Nabil Shaath has given a fascinating and insightful interview that is well worth analyzing. But first let’s take a look at who Shaath is.
Supposedly, he is the archetypal Palestinian moderate. There was a time when the Western media ridiculed the Israeli declaration that he was a secret Fatah member. When Israel agreed to negotiate with non-PLO Palestinians, the PLO put his name forward although it knew, of course, that he was no such thing. Peace processors ridiculed Israel’s refusal to accept him.
Since 1994, he has held several high positions. He has been credibly accused, by Fatah militants who criticized Yasir Arafat’s corruption, of taking a lot of Palestinian Authority money for himself and his family.

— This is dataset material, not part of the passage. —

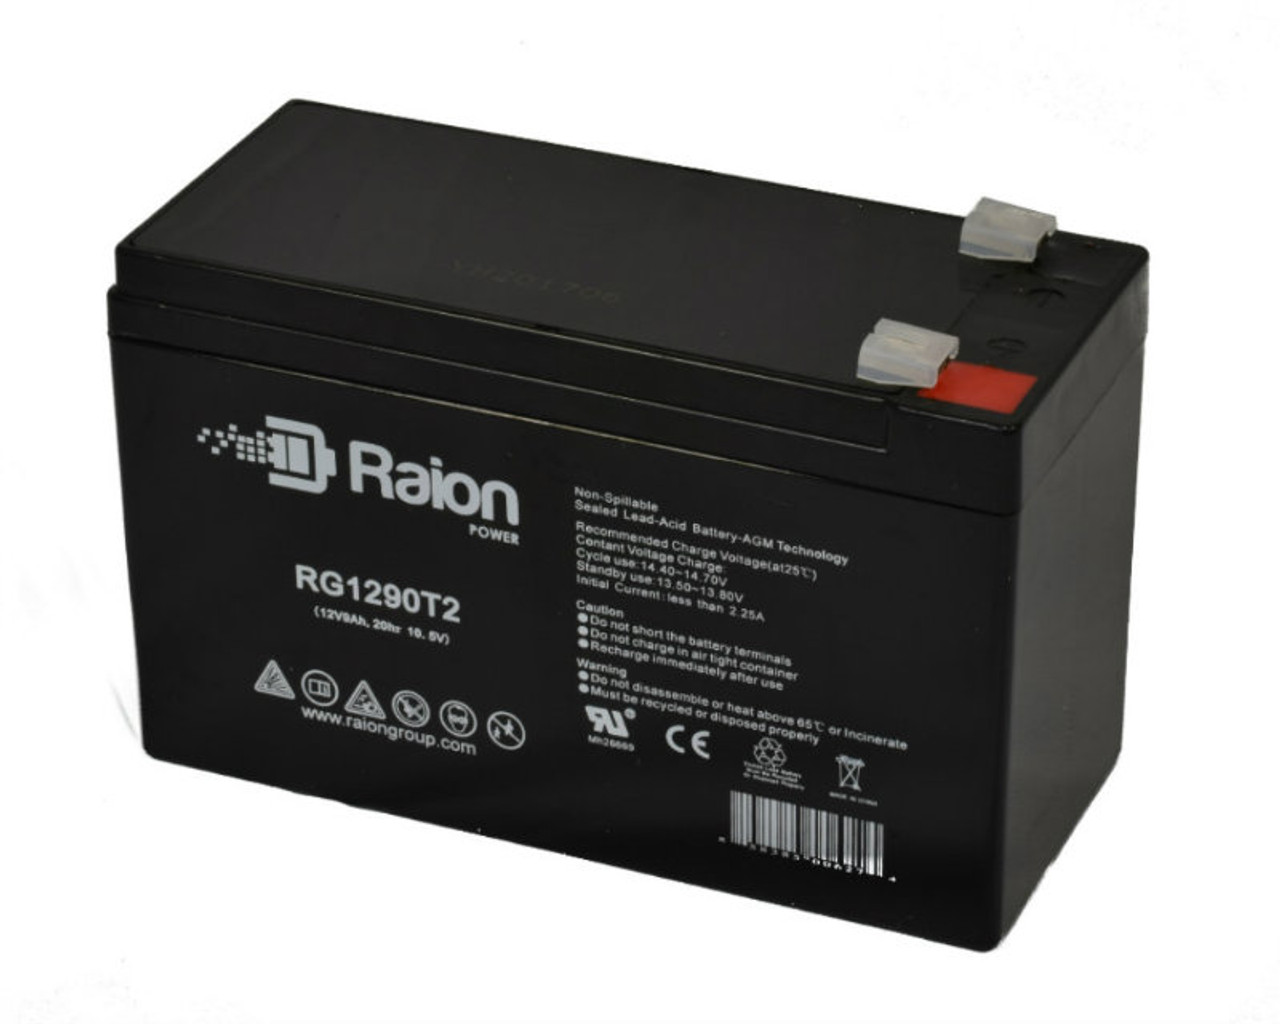 Raion Power RG1290T2 12V 9Ah AGM Battery for SigmasTek SP12-9
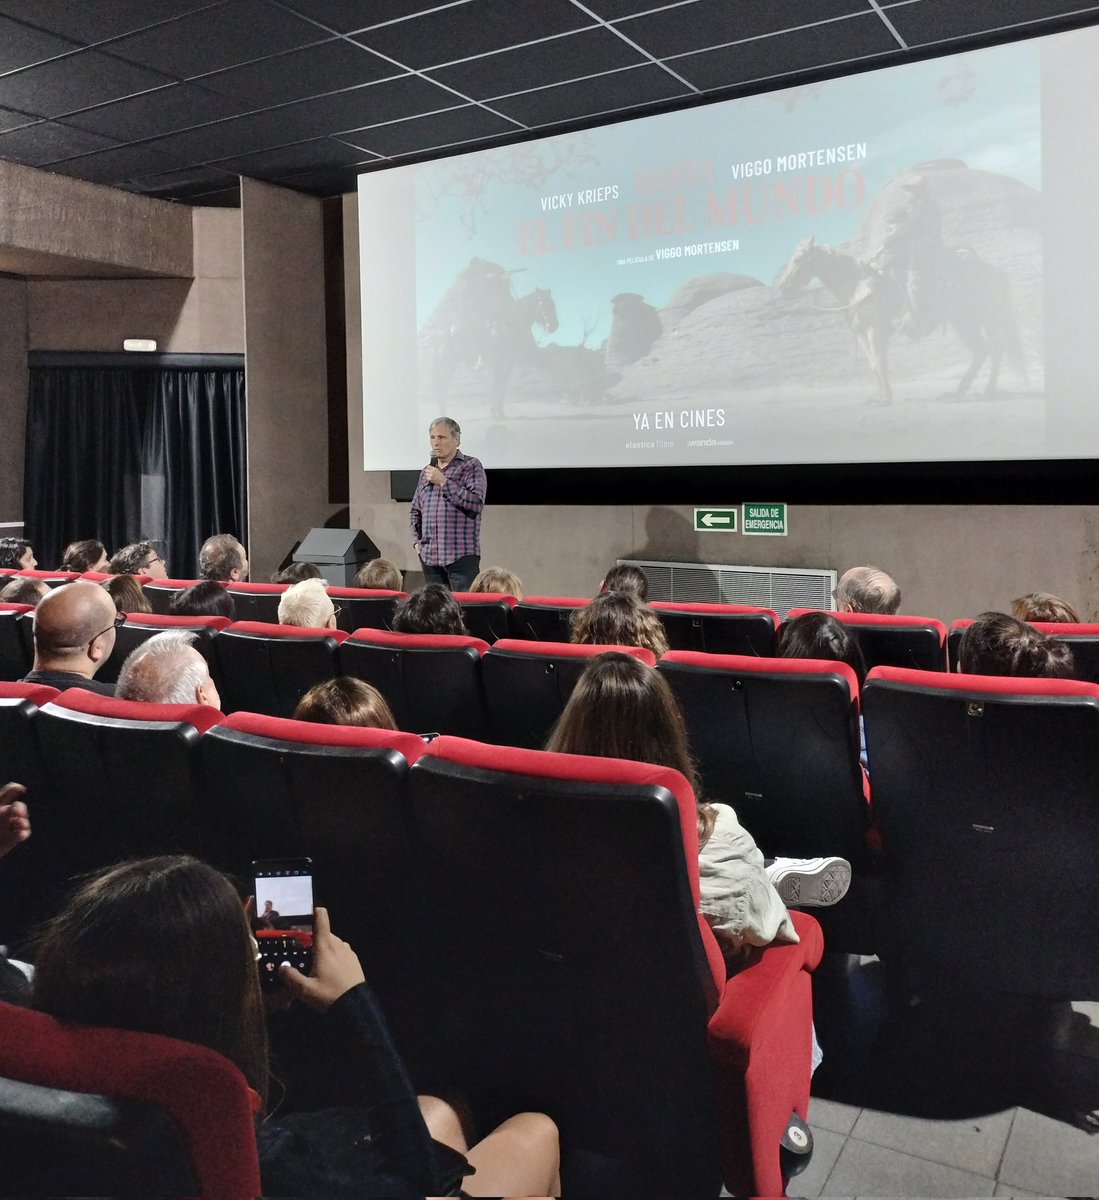 🔴 EN DIRECTO DESDE RENOIR PRINCESA Sesión llena para charlar con Viggo Mortensen sobre su película 'Hasta el fin del mundo'

Nevertheless, it is reasonable to call Shaath as moderate as anyone in the PA’s leadership, more moderate than the Fatah leadership. And what does Shaath say in an interview on July 13, 2011:
Nabil Shaath: The recognition of a [Palestinian] state…will make many things possible in the future. Eventually, we will be able to sign bilateral agreements with states, and this will enable us to exert pressure on Israel. At the end of the day, we want to exert pressure on Israel, in order to force it to recognize us and to leave our country. This is our long-term goal.”
In other words, the goal is not to come to a deal with Israel but to gain recognition from other countries which will pressure Israel and force it to give the PA what it wants. (Incidentally, this is pretty much Yasir Arafat’s strategy from 30 years ago, though he was using a higher level of violence in that process.)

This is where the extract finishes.